### Aim of the task
Please transcribe the data that follows exactly as given, leaving out every picture.

::: Given data

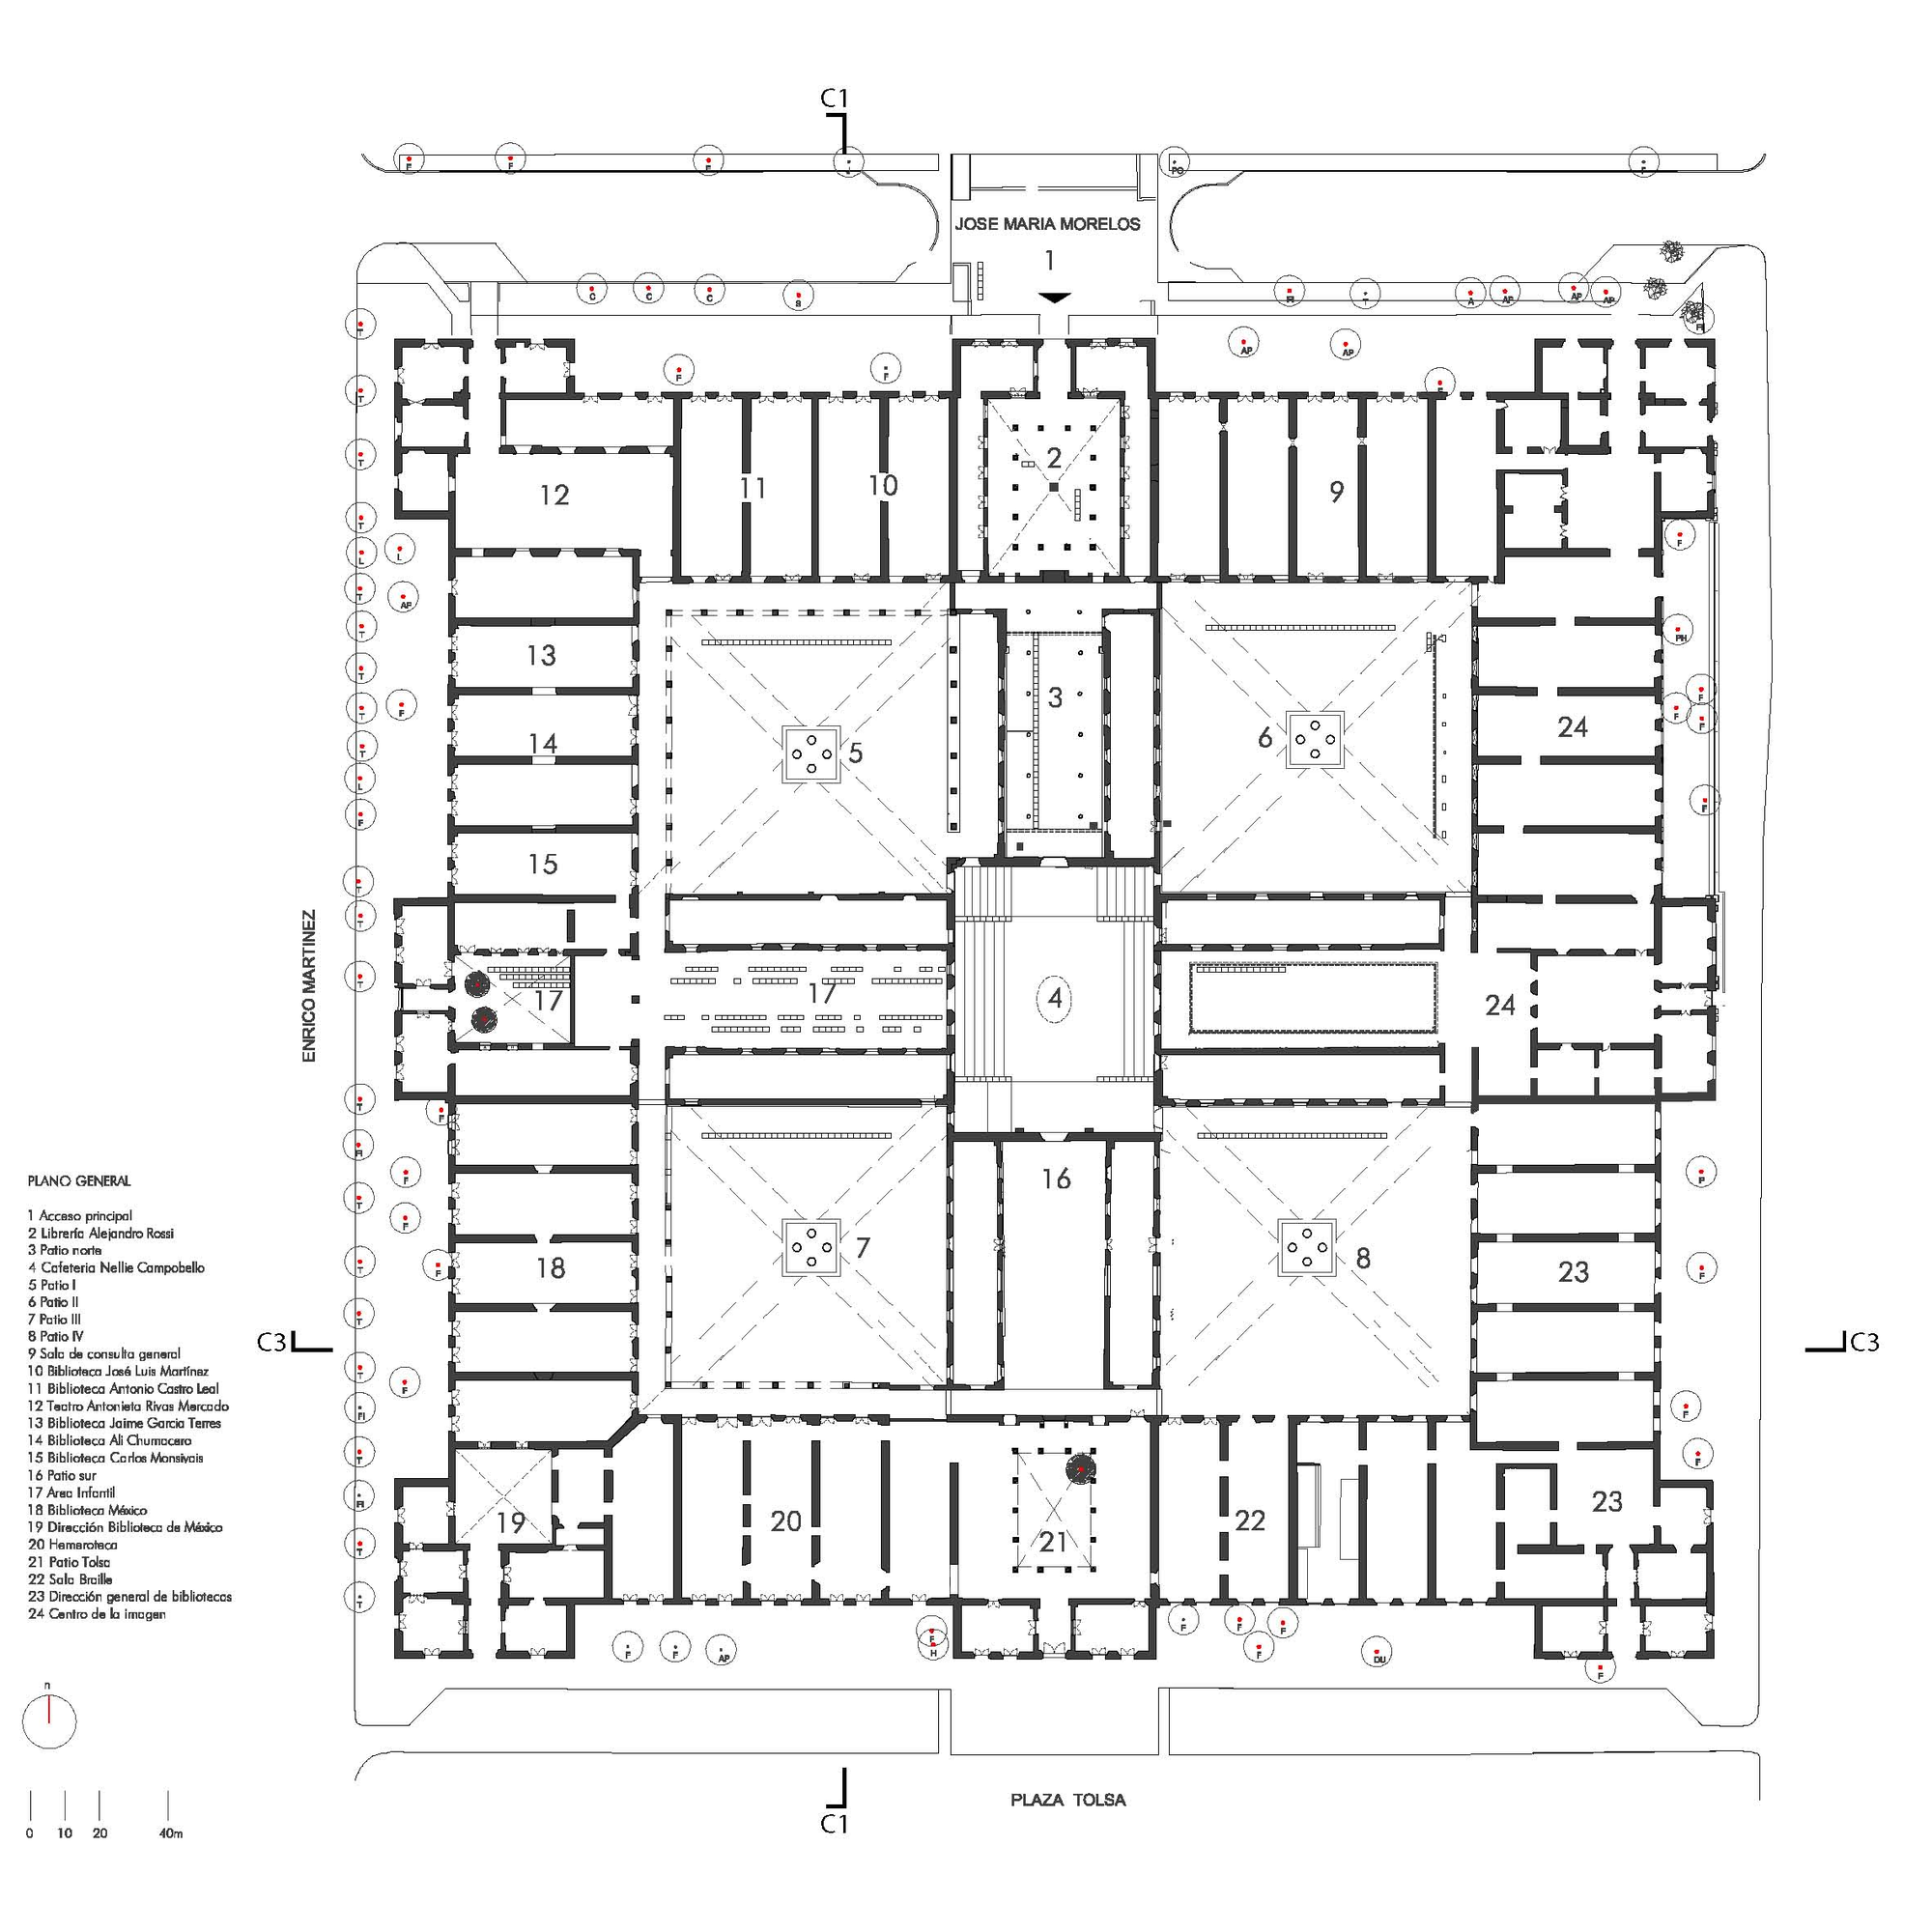 alfa img showing gt jail floor plans modern
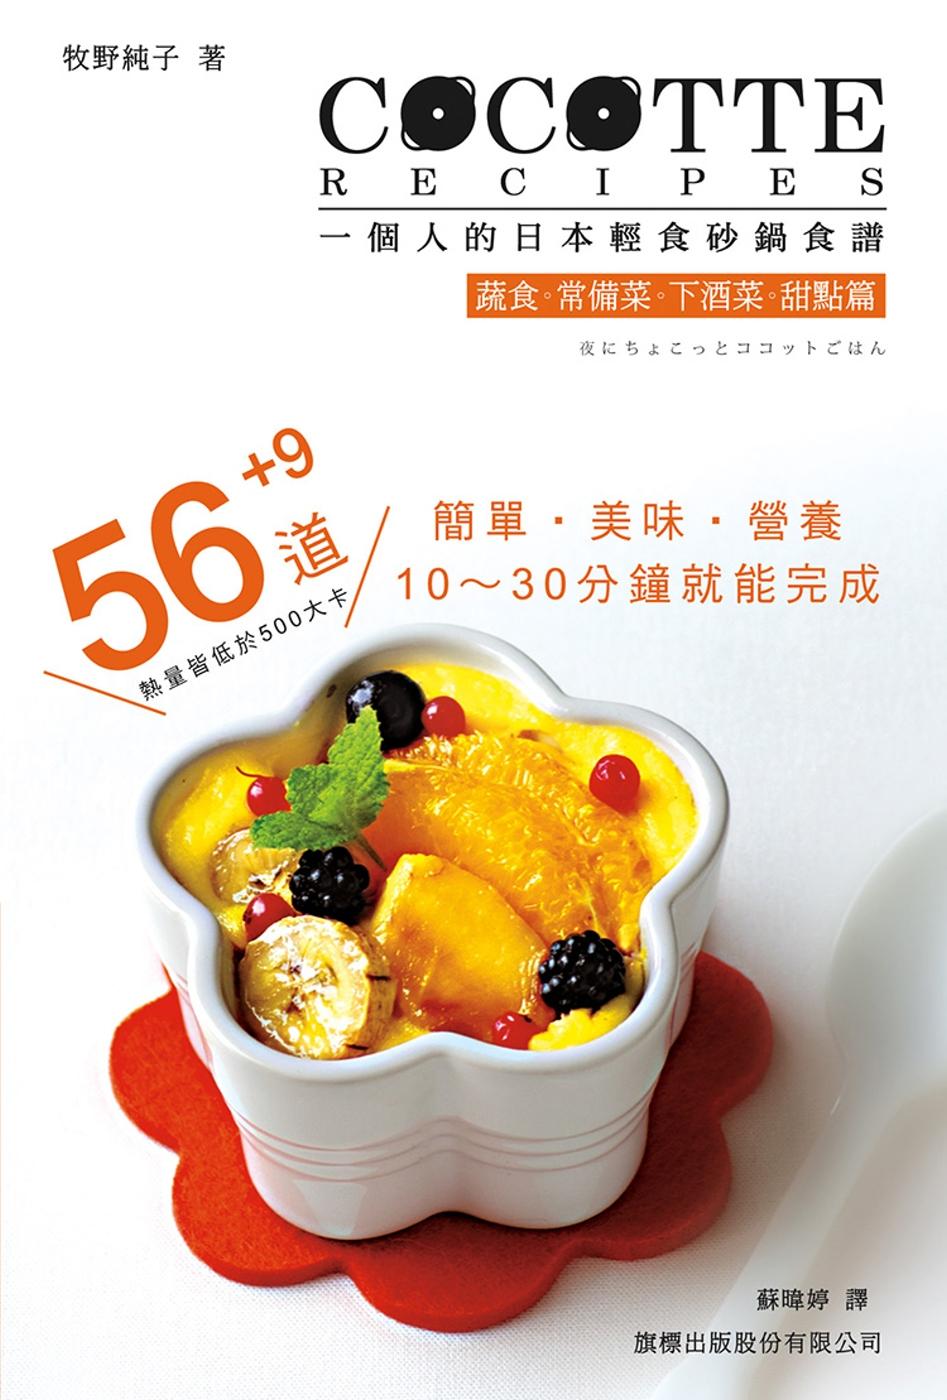 COCOTTE RECIPES 一個人的日本輕食砂鍋食譜:蔬食‧常備菜‧下酒菜‧甜品篇
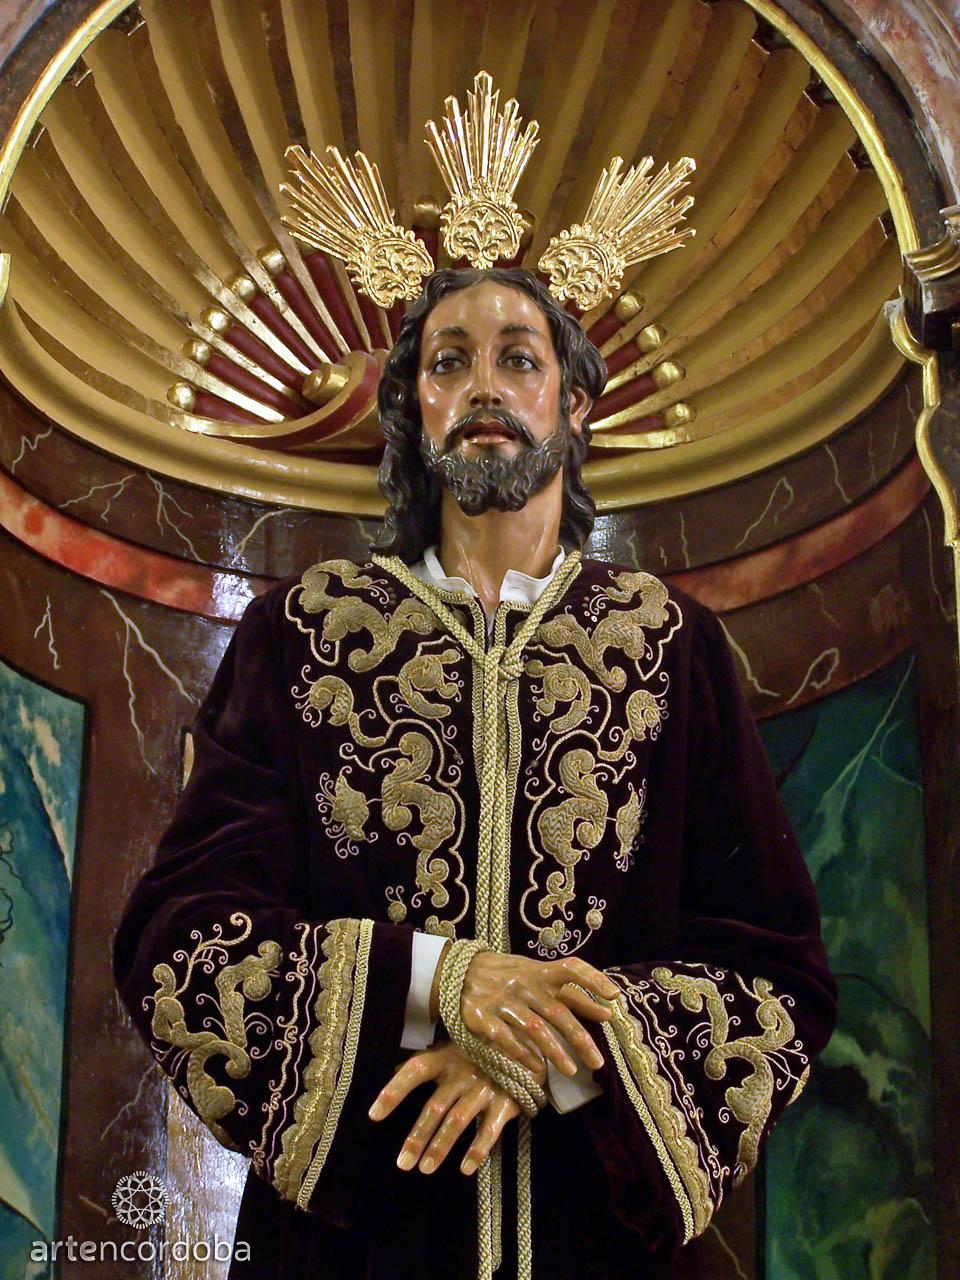 Nuestro Padre Jesús de la Sentencia - Hermandad de La Sentencia en Córdoba

::::::

### Answer to this problem
 alfa img showing gt jail floor plans modern
 COCOTTE RECIPES 一個人的日本輕食砂鍋食譜:蔬食‧常備菜‧下酒菜‧甜品篇
 Nuestro Padre Jesús de la Sentencia - Hermandad de La Sentencia en Córdoba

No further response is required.